How to minimise the impact of the MID Servers momentarily going down while upgrading

Issue

Immediately after an Instance upgrade (including patches and hotfixes), all MID Servers will also Auto-Upgrade themselves to match the new version, otherwise, there may be code and data mismatches which can break things.

During that auto-upgrade, the MID Servers will momentarily go DOWN in order to replace application files before restarting. That can take approx 10 seconds to 2 minutes depending on the performance of the host server, and the time spend waiting for file locks to clear.

Note that, due to known PRB1322060, Madrid MID servers will take longer than 2 minutes (https://support.servicenow.com/kb_view.do?sysparm_article=KB0754285). This issue is resolved in New York.

This is almost always not noticed and doesn't cause any issues, because by its nature MID Server is a fundamentally Async feature that works via an ECC Queue, however...

This could in theory cause jobs to fail, if:

A job is sent to a specific MID Server, and has a timeout set in the instance. e.g. Synchronous RESTMessageV2 is set to 15s timeout, and the MID Server hasn't a chance to run it in that time.
A job uses MID Selection algorithms, and this is the only MID Server that matches the Capability/Application/IP range. e.g. Orchestration
and there may be others.

MID Server Down and Up events will be caused, which may lead to Notifications being sent.

Long-running jobs may get interrupted, and so will run again from the beginning after the upgrade. For a data push, that may theoretically cause duplicate inserts/updates at the endpoint.

A job that has already finished may run again if the MID Server is restarted after finishing a job, but the input has not yet been passed back to the instance. See KB0743121/PRB1330405 for more details.

Features always affected by a restart:

These features need a single dedicated MID Server, so will be affected when that MID Server restarts:

LDAP
Export sets
JDBC data sources
SOAPMessageV2/RESTMessageV2 API called synchronously from scripts, without a sensor business rule.
and probably others.

Features not affected by the restart:

Discovery / Service Mapping - Probes/Sensors will continue to run after the upgrade. Any interrupted will re-run.
Orchestration - Assuming more than 1 MID Server is set up for each combination of Capability/Application/IP Range, and at least one remains UP. If no MID Server is available then the workflow Activity will error, and transition to the error, and assuming the workflow is designed to loop back and retry after a short timer, then this is not an issue.
and probably others.

Release

Anywhere MID Servers are in use.

Cause

This is the expected behavior and unavoidable due to the current design of the MID Server and its upgrade code: Files cannot be replaced with new versions while they are in use.

Resolution

There are several things that can be done to minimize the risk, depending on how the MID Server is used.

Avoid running more than you have to around the time of an Instance Upgrade

During the instance upgrade, the system scheduler is paused, so that most scheduled jobs will not run.
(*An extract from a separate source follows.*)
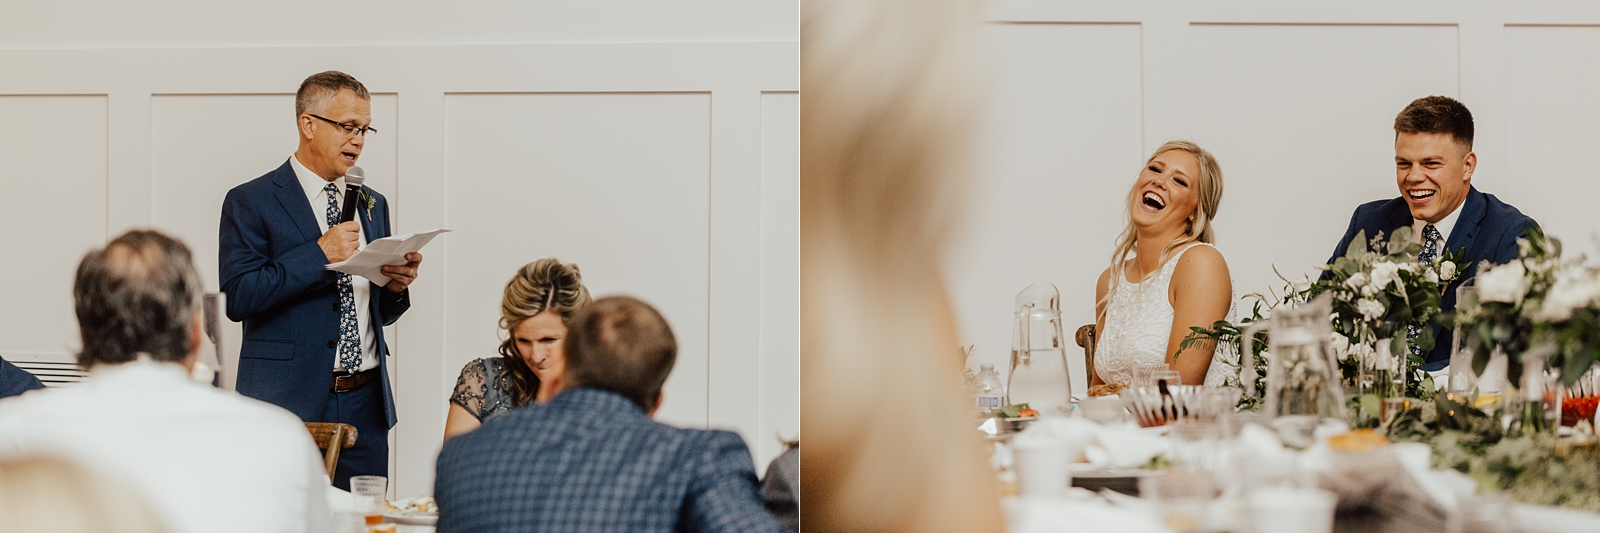 Anna & Trey Modern Minneapolis Wedding at The Hutton House_0737.jpg

At the end of the instance upgrade, this is enabled again, and that is before the MID Servers start to upgrade, so it is possible a lot of queued jobs are likely to be trying to run at exactly the same time as the MID Servers are starting their auto-upgrades.

Avoid that my manually disabling, or deactivating any MID Server-related jobs before the upgrade, and only turn them back on again after the MID Servers have also upgraded.

Long-running jobs may get interrupted, and so will run again from the beginning after the upgrade. For a data push, that may theoretically cause duplicate inserts/updates at the endpoint.

Configure Fail-over Clusters or MID Selection

Where possible, select MID Server automatically, via MID Selection, Discovery Behaviours or Clusters. If one MID Server is DOWN then another can be used. Not all features are yet updated to leverage these MID Server features.

Add your MID Server and additional MID Servers to a Cluster configured for Fail-over protection, and configure the fail-over MID Servers with at least the same capabilities as the MID Server it is intended to relieve.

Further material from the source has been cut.